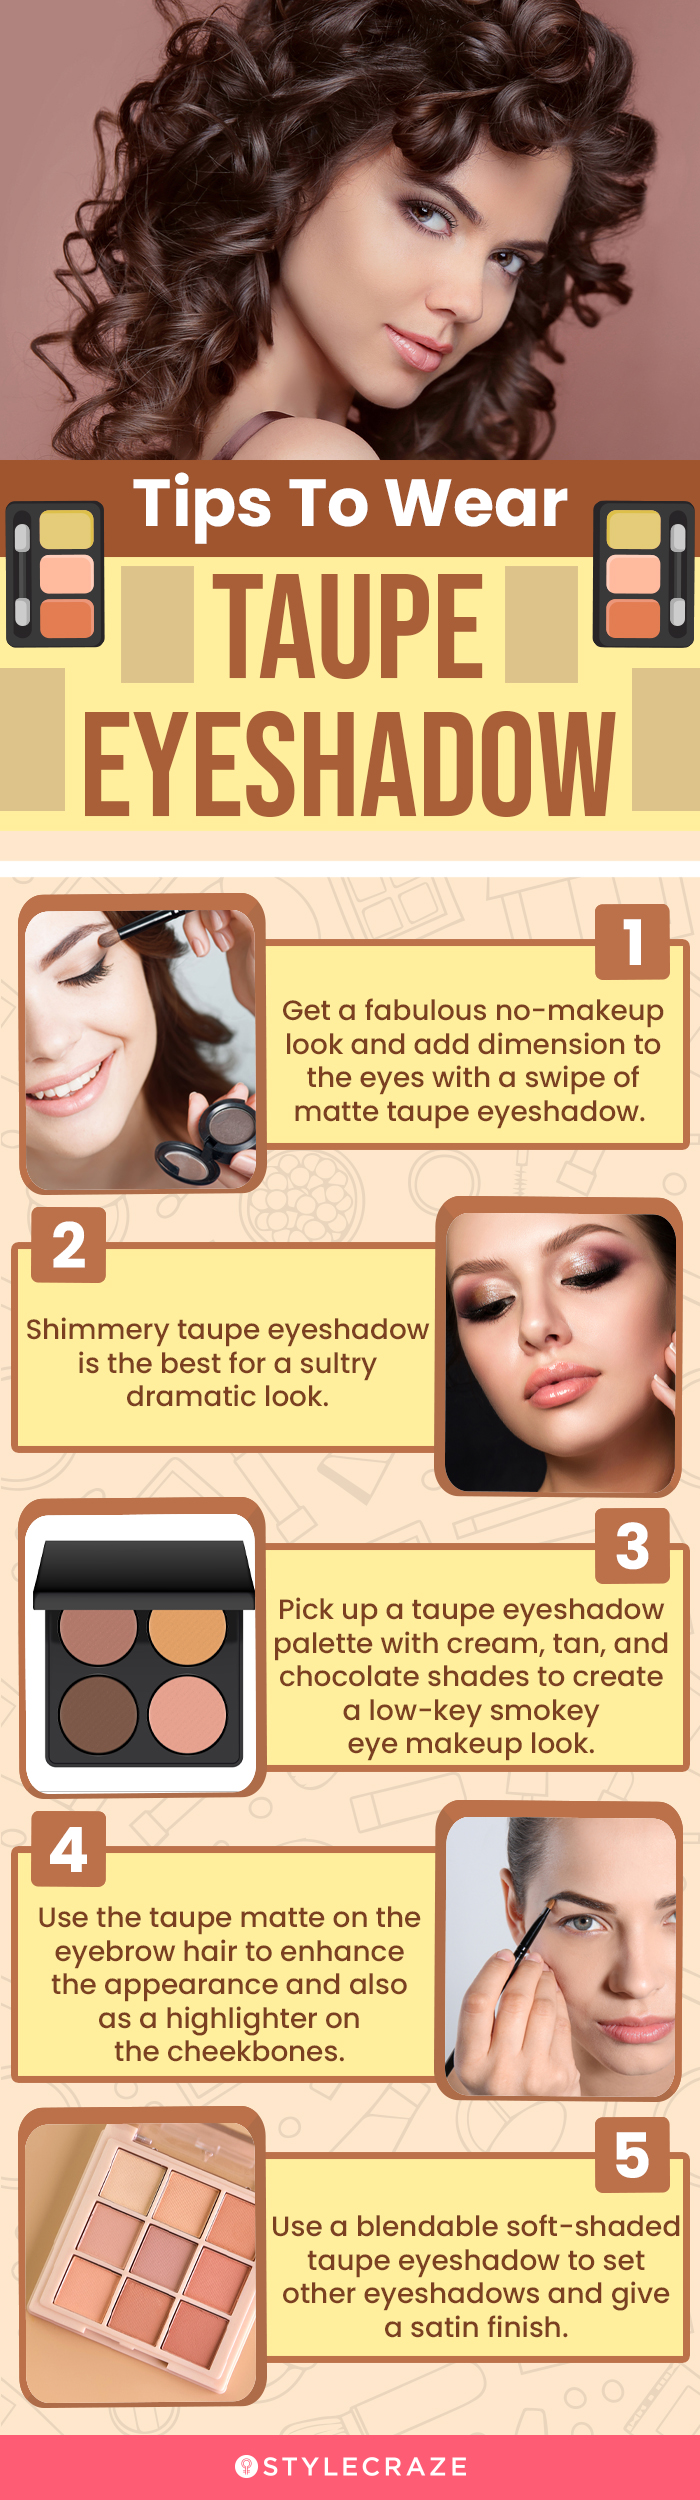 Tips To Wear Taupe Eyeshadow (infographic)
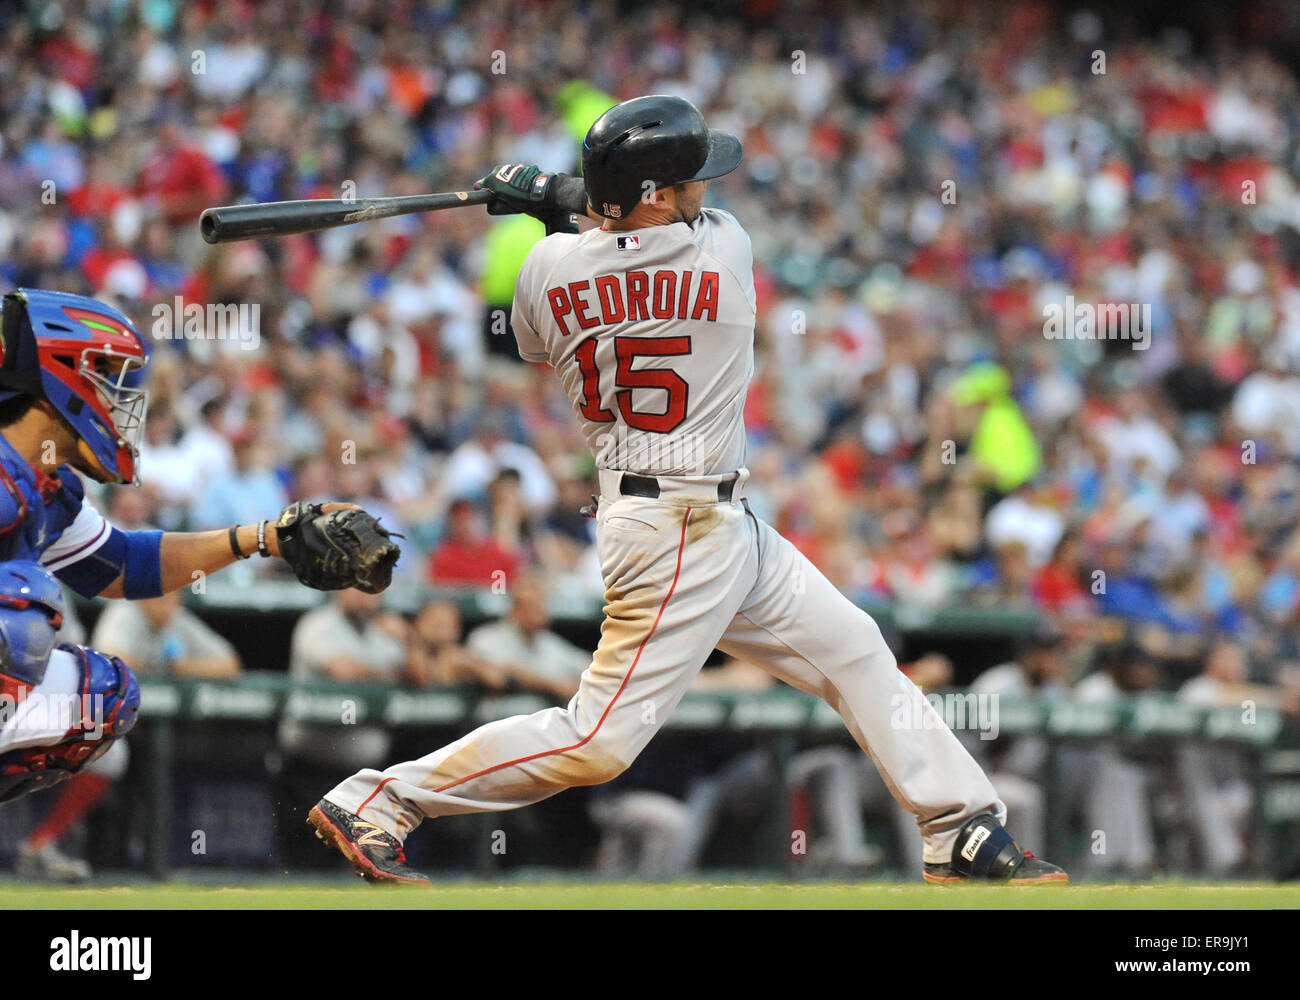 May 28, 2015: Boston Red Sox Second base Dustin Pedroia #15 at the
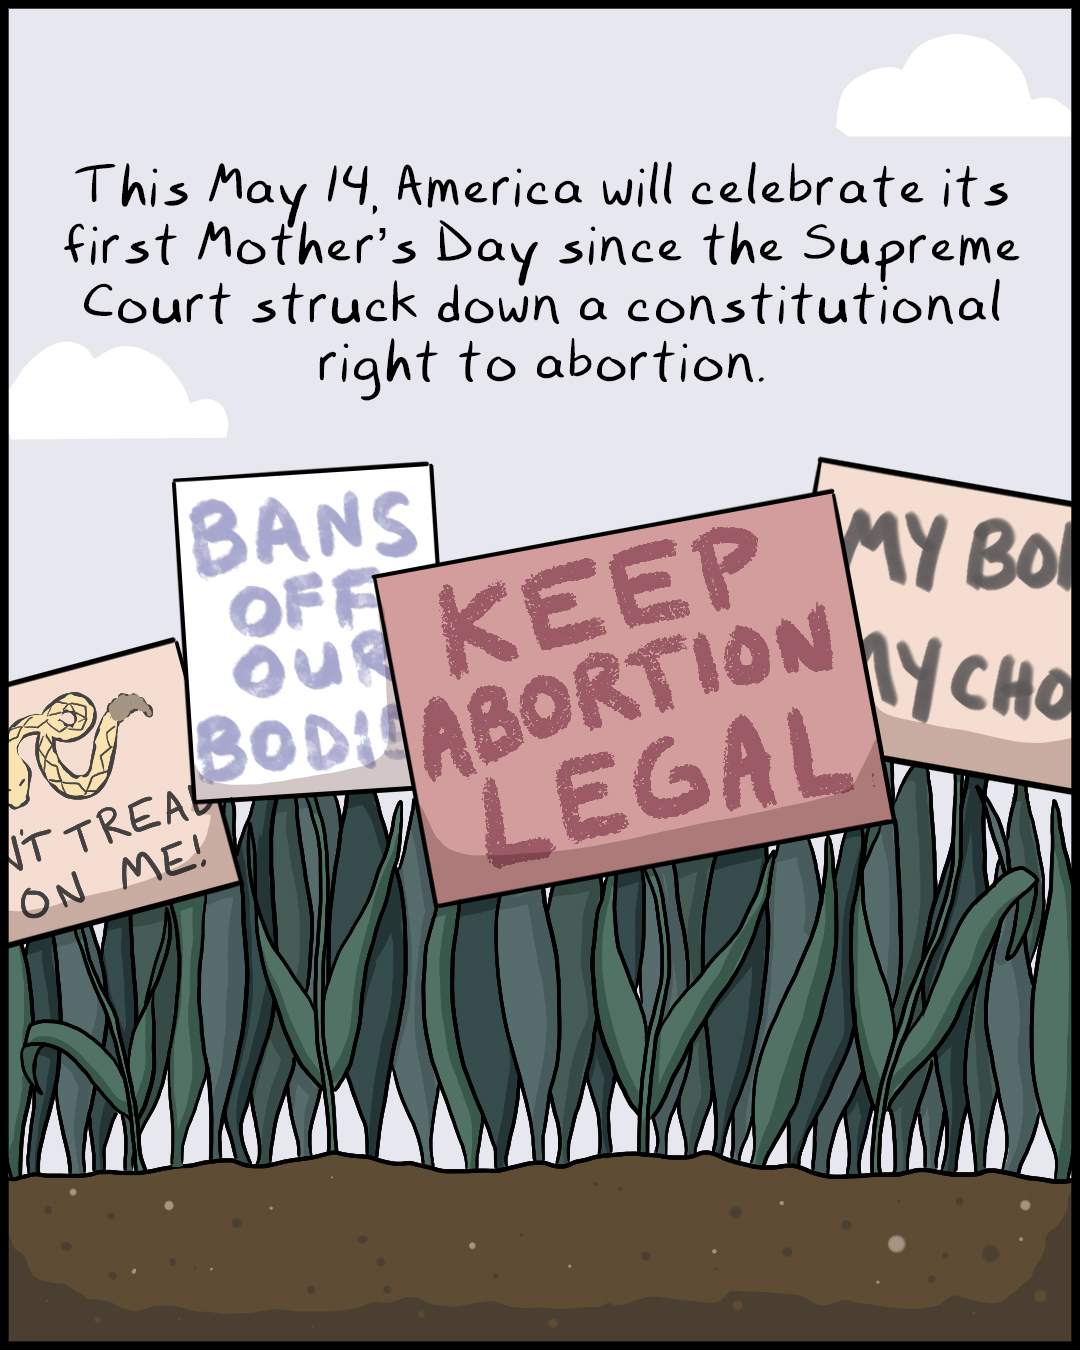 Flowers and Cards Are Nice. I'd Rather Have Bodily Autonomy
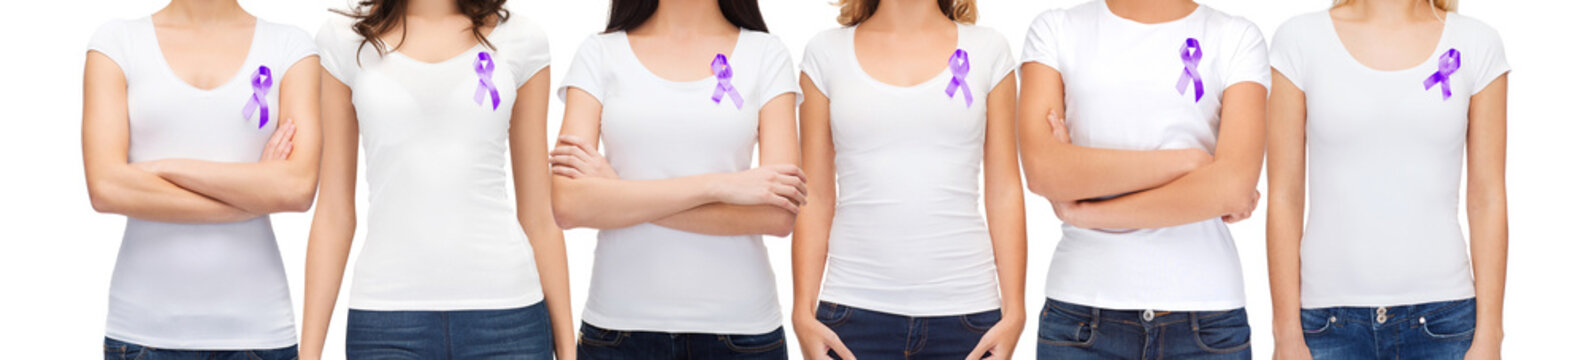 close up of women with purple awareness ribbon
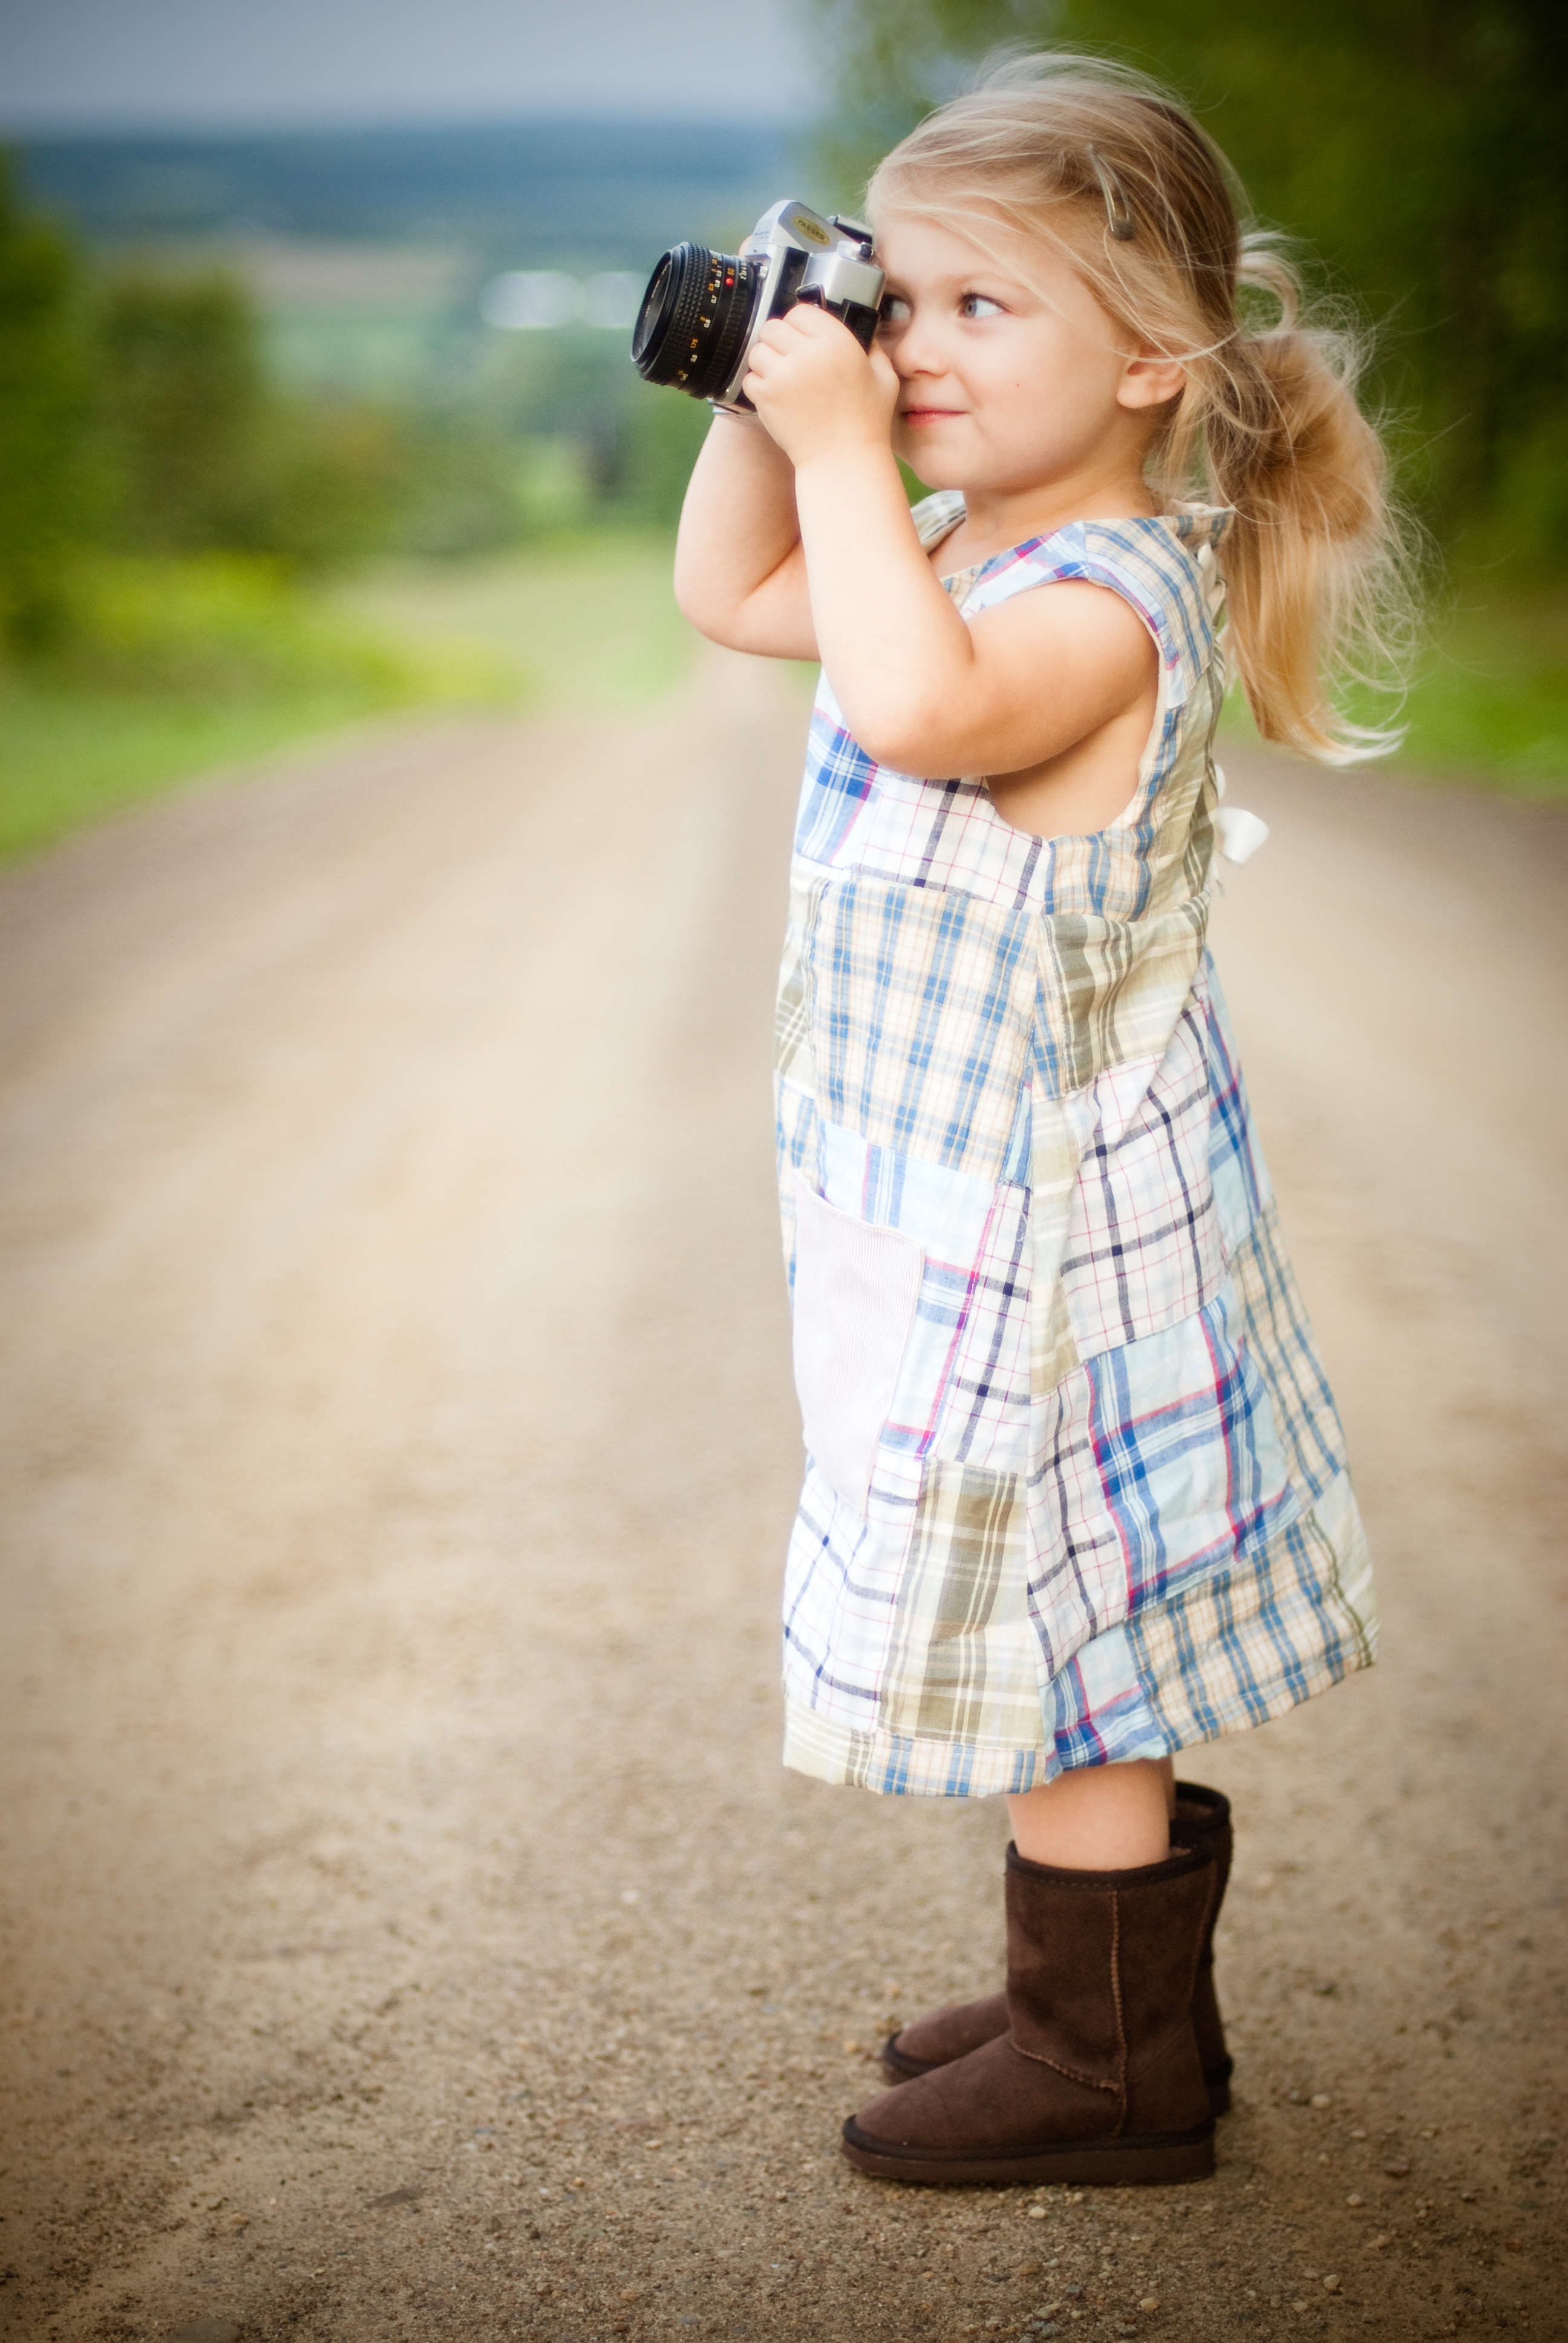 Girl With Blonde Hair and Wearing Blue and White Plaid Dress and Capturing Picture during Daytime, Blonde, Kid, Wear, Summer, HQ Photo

- **WORK TASK**
Omit the pictures, and please restate word for word the lines running from the line with "close up of" to the end of the entries.

- **ANSWER FOR THE TASK**
 close up of women with purple awareness ribbon
 Girl With Blonde Hair and Wearing Blue and White Plaid Dress and Capturing Picture during Daytime, Blonde, Kid, Wear, Summer, HQ Photo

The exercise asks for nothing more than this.